Red Food: Pink Grapefruit continued...
Benefits: "You want to go for color when you choose grapefruit, because pink grapefruit has higher levels of antioxidants, such as vitamin C," Busch says. "It's also a good source of pectin, which helps lower cholesterol." Bhimu Patil, PhD, the director of the Vegetable and Fruit Improvement Center and an associate professor of horticultural sciences at Texas A&M University in College Station, agrees. "If the choice is between red and white grapefruit, go red because pink or red grapefruit is rich in lycopene and white grapefruit is not," he says.
Get more by: Having half of a grapefruit or glass of pink grapefruit juice with your breakfast. Just be sure to check with your doctor if you're on medication -- grapefruit juice does interfere with some drugs. Another option? "Put grapefruit sections in salads," Busch suggests. "There are lots of jarred or canned grapefruit sections that are really tasty."
Red Food: Red Pepper
In season: Available year-round
Benefits: "Red pepper is a phenomenal source of vitamin A, which helps with skin, bones, and teeth. And most people don’t realize that they have as much vitamin C as an orange," says Busch.

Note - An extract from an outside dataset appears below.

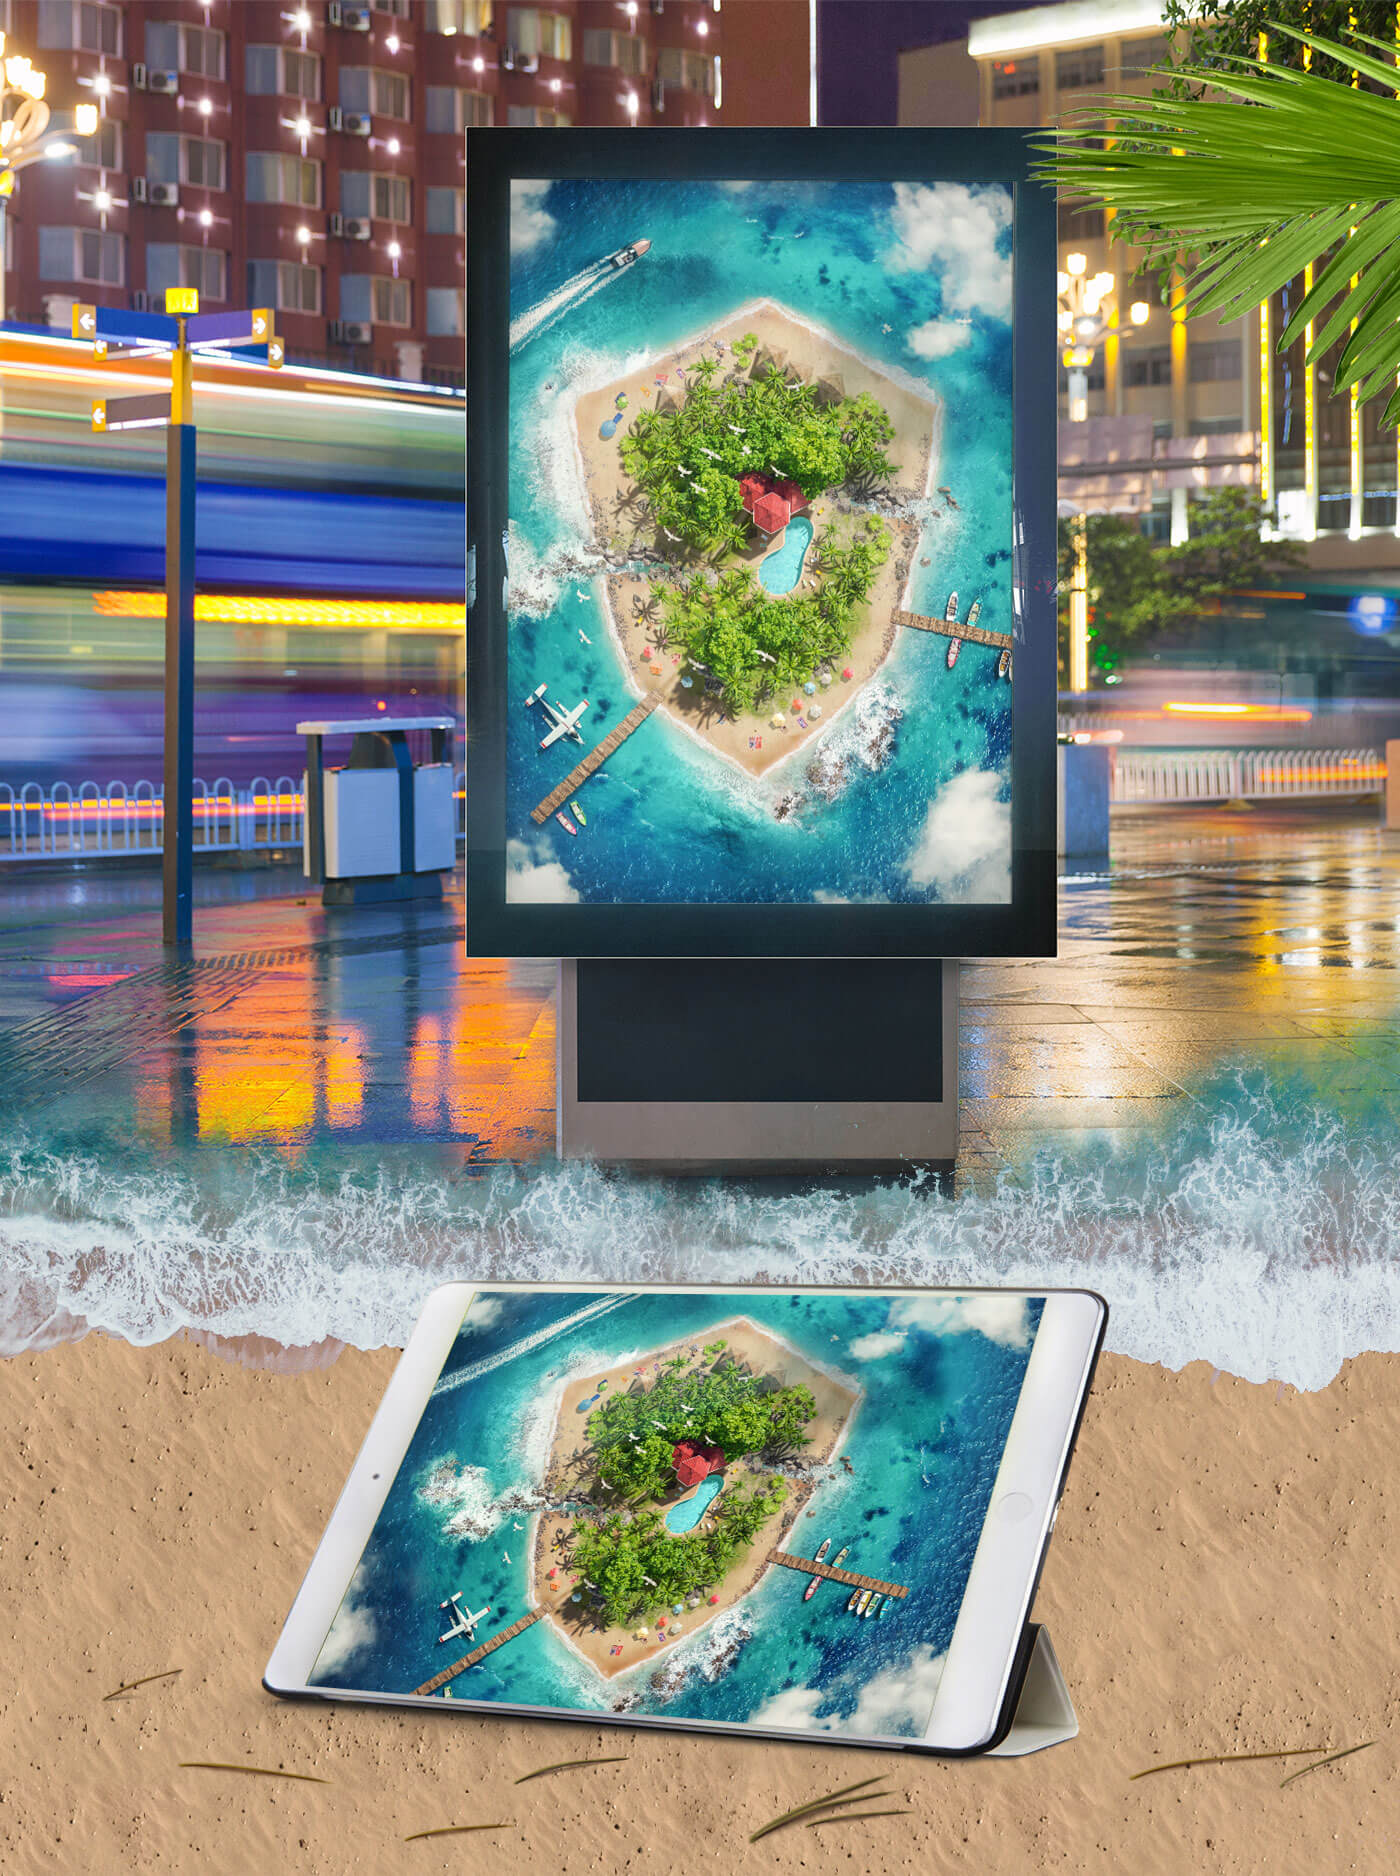 #5 Mockups - Island "Stiknecht" Visualization of an Island in the shape of my logo. 3D and Photo-Artwork by ruediger lauktien 2018 200 best digital artists

Get more by: "Dice it and add to salads, soups, and casseroles," Busch suggests.
Red Food: Beets
In season: June through October, but available year-round
Benefits: A root vegetable, "beets are rich in folate, lycopene, and anthocyanins," Pappo says.
Another powerful antioxidant, anthocyanins "are not just present in red foods, but also blue and purple foods as red and blue makes purple."
Get more by: Adding some beets to add color to plates as a side dish or in salads, soup, or stew.
Choose Foods for Every Color in Rainbow
Ask any child and he or she will tell you that the colors of the rainbow are (R)ed, (O)range, (Y)ellow, (G)reen (B)lue, (I)ndigo and (V)iolet.
There is more to a healthy diet than red foods, Pappo says. "I recommend choosing foods for every color in the rainbow," she says. "The deeper, the darker, and the richer the color, the better," she says. "Aim for nine a day, and have one from every color group."
Remember that it's always better to eat whole foods than take supplements of specific nutrients, Pappo says. "Eat your nutrients, don't pop them," she tells WebMD. "It's the combination of everything in these red foods, not just one miracle nutrient."